While Margo didn’t yet understand what that service would be, she knew the work would have to start at her mother’s house. Her mom—a career municipal councillor known for her pragmatism and logical thinking—couldn’t begin to understand where Margo’s journey was taking her. Her daughter’s talk of spiritual energies and divine guidance left her skeptical, at best.

“My mom thought I was on drugs,” Margo shrugged.

It wasn’t until some of Margo’s more startling visions started revealing themselves that both mother and daughter started to believe there was more to what she was seeing and sensing. For years, while in Mexico, Margo had had visions of a native chief who was somehow imploring her to come back to Jasper to conduct important work. When she finally came back, she fell into an opportunity to work with Indigenous Peoples in central Alberta.

“The visions started connecting,” she said. “It was a beautiful process.”

Not only was it hugely validating for Margo to start connecting the cosmic milieu with a more rational realm, but working with Indigenous people reminded her that other cultures place a high value on matters of the spirit.

“[First Nations people] are the most tuned-in, but also the most forgotten,” Margo said.

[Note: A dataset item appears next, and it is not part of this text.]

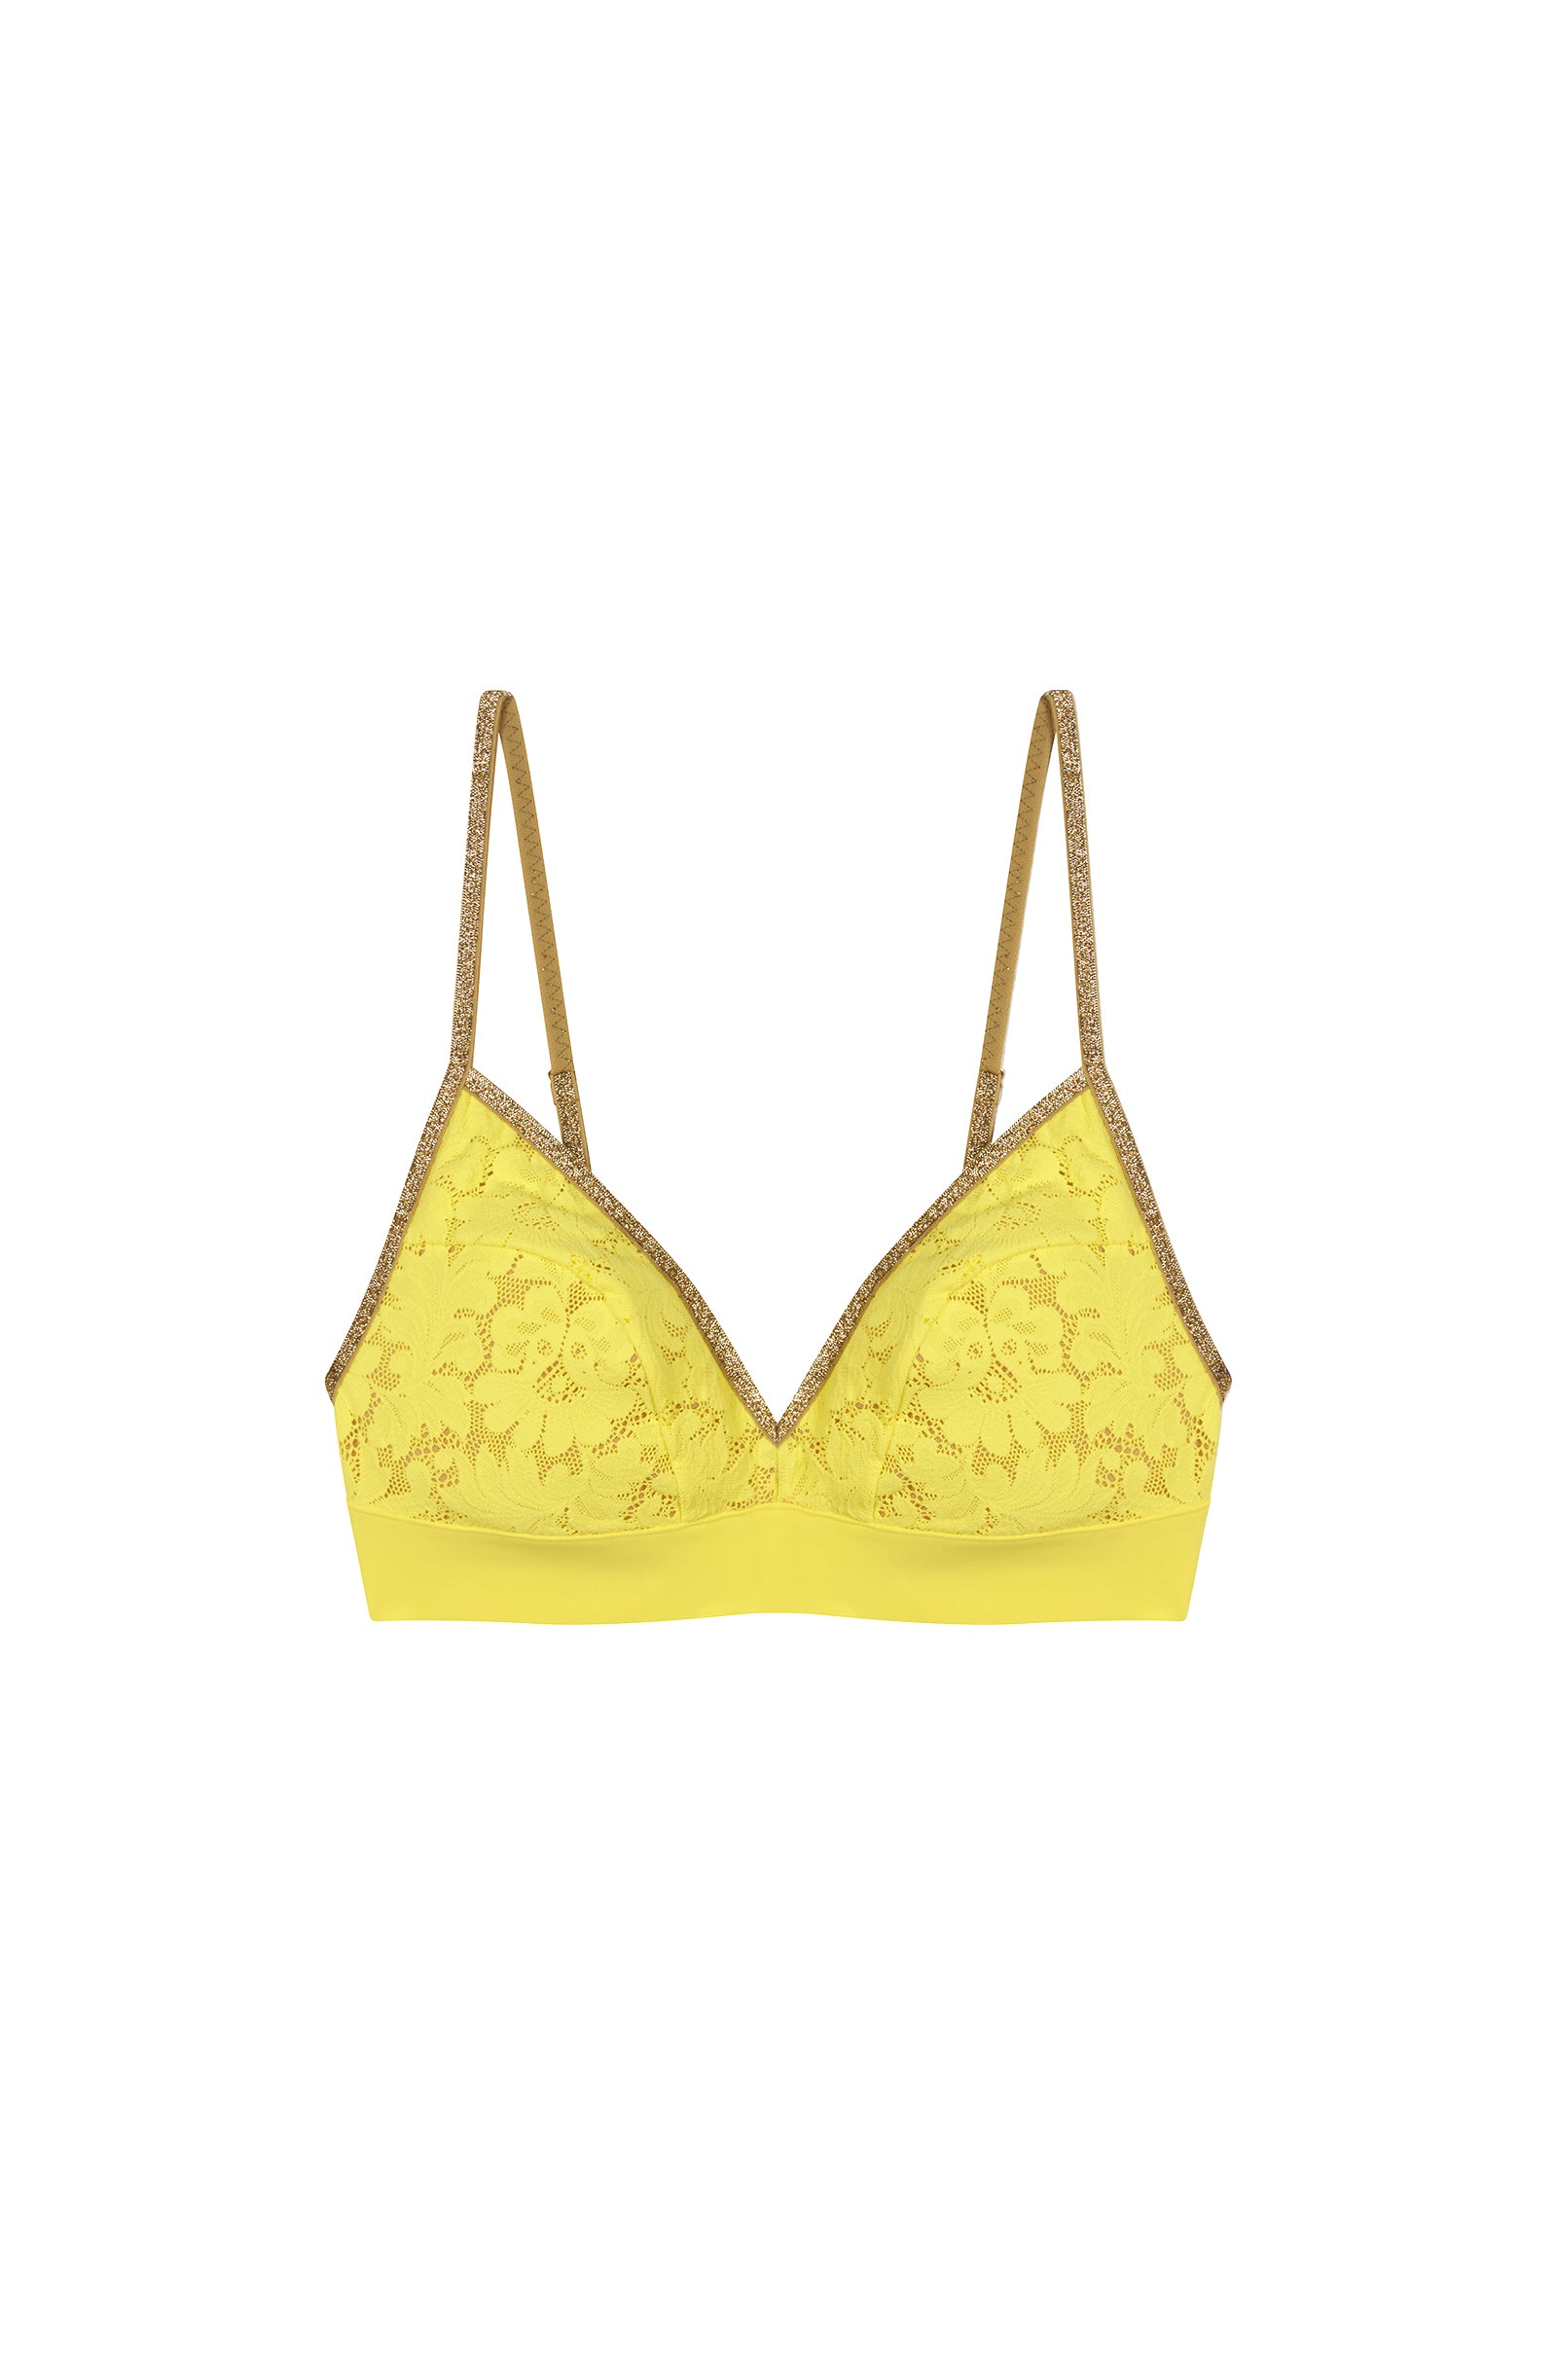 NYNI - Yellow lace and Lurex triangle bra - Pain de Sucre

Today, Margo still nurtures those relationships, and uses the lessons she learned there to guide her work with other groups. Her angel readings often start with a cleansing ceremony, as she pays respect to the divine while giving her client the chance to, as she says, “hear the calling of their soul.”

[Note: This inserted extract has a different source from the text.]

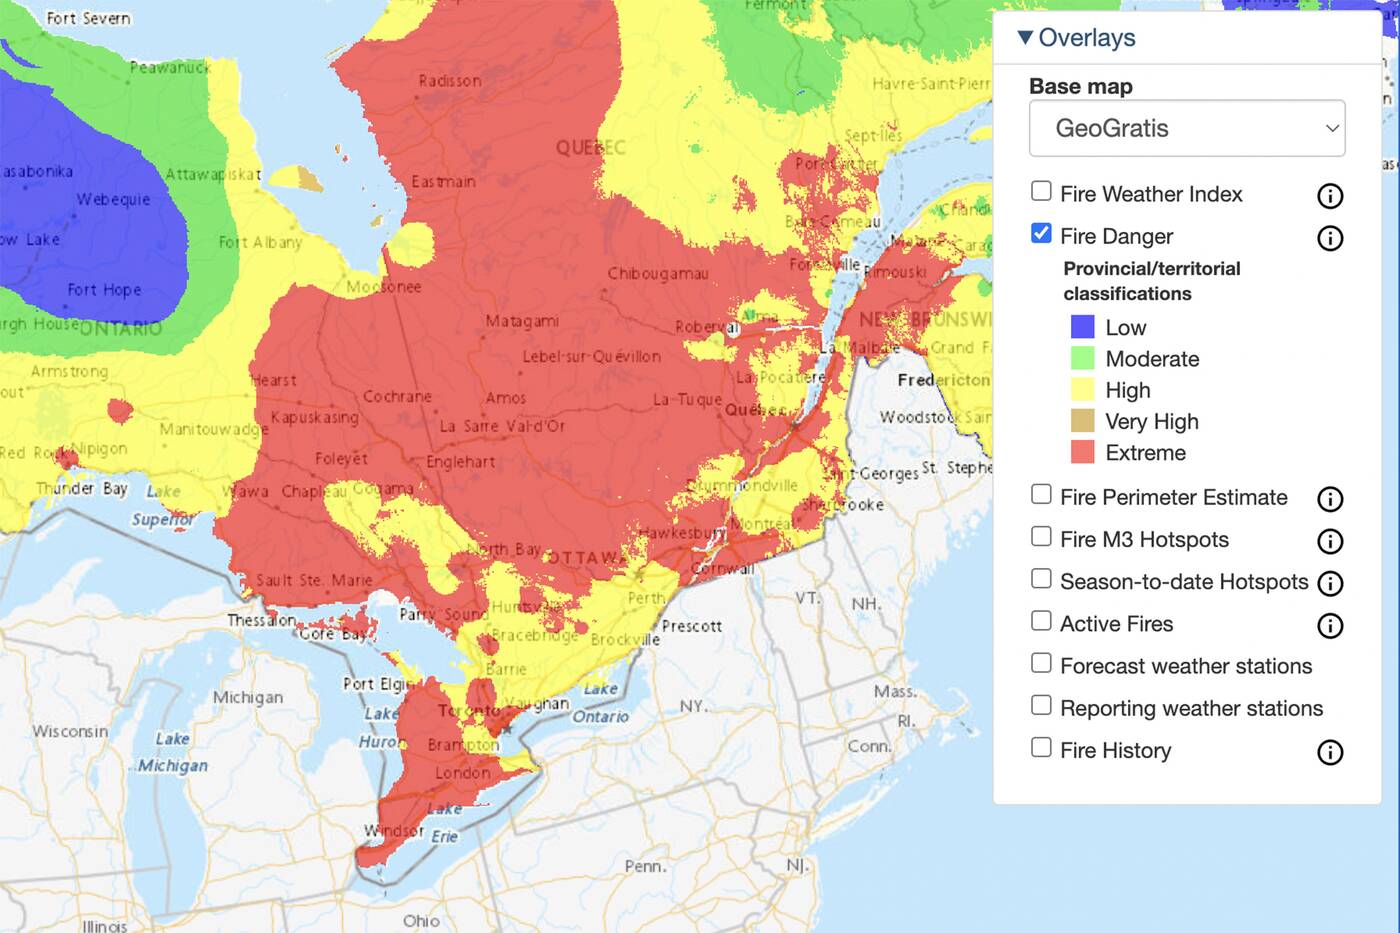 The risk of forest fires in Toronto is currently considered extreme

While non-believers might scorn, for Margo, it’s a surprise when people can’t admit that there could be more to the universe than what they can see with their eyes and touch with their hands.

Moreover, she’s puzzled when people deny their own intuition, even if they can happily acknowledge the serendipitous or karmic forces in their lives.

“We’re all born 100 per cent psychic,” she said. “We always have a voice that says ‘turn left,’ but we tend to override it.”

Now, having listened to her own inner voice, Margo has found a newfound passion for the community she grew up in. Jasper, she believes, is a highly spiritual place awaiting its true awakening. To help in that regard, she suggests that we have to learn how to counter the ego, manage our energy, and find the clarity that will enable us to live to our fullest potential.

We have to be open, in other words, to getting “the hits.”

“It’s truth telling time,” she says, spreading her arms like wings. “We’re going to see some systems crumble!”